What made it more poignant was that no one could tell — everyone’s faces got red and wet during a spin workout. Months after my diagnosis, I still hadn’t told any of my gym friends that I had PD. Time hadn’t made that any easier. Telling people, I thought, would change everything. No matter how understanding people were, from that point on I would be the sick person and they would all be well. I was already feeling fragmented, thinking myself an odd man out. I wanted to delay the inevitable alienation for as long as I could.
A Hitch in Your Git-Along
About two years into my journey with Parkinson’s, I became aware that the disorder seemed to take extra care booby-trapping another facet of time: my rhythm, the measured way all of us move through the world. In my 50s, I started jumping rope and got pretty good at it. After the appearance of PD, I began having increasing difficulty getting the rope under me more than eight or nine times before the coordination disintegrated.
Also, my walking gait was developing what Don Meredith called “a hitch in your git-along.” Though there was no way to keep this hitch from becoming many hitches, the bike was a way to delay the inevitable, to give me more time.
Each time I climb onto the saddle and click my shoes into the pedals, the bike fits its template of steady beats over my rhythmless limbs. During an hour’s ride, it relieves my muscles of the exhausting task of firing all those tedious fine motor adjustments that maintain balance. As a result, a lot of the wobbles get ironed out. This is possibly the reason why stationary bicycling is being thoroughly researched by Parkinson’s specialists and widely prescribed for patients. Two days after a session, I’m still feeling the benefits.
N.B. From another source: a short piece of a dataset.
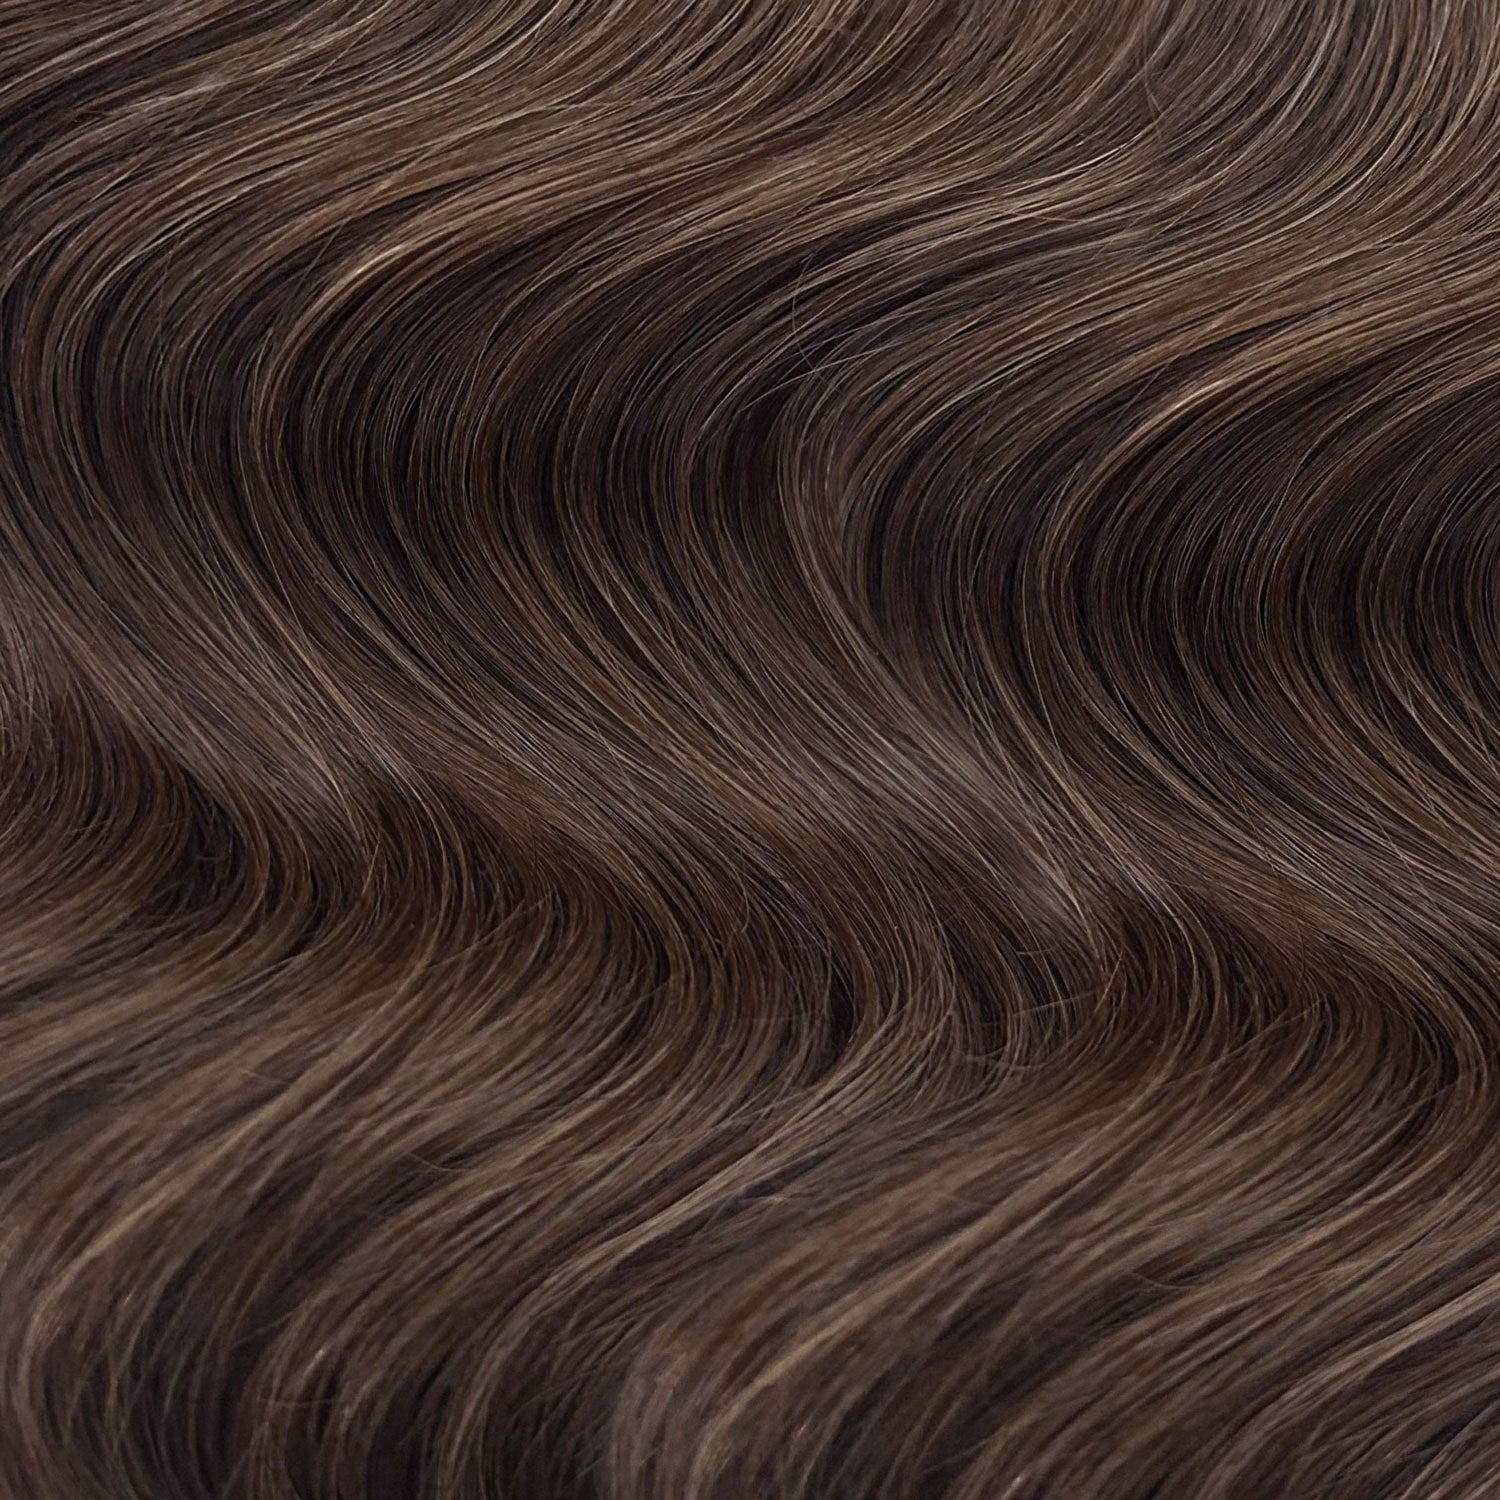 Medium Brown Human Hair Extensions

Glue With a 45-Pound Wheel
PD, I found as the months rolled by, was also working on a mental aspect of rhythm. I was having trouble being on time for anything and couldn’t finish simple tasks. These days, I’m better at such things, but the root problem still exists: I’m losing the familiar rhythm of organizing my time, my self. I’m becoming more fragmented, losing a sense of wholeness.
The bike helps me glue myself back together. This is the one thing I believe I can continue to improve on, that I can still change. If the bike doesn’t exactly complete me, it shows me that wholeness is still possible. An hour on this machine passes the same way an hour passes for a normal person. It is not PD’s time. It is mine. It is time as I used to know it.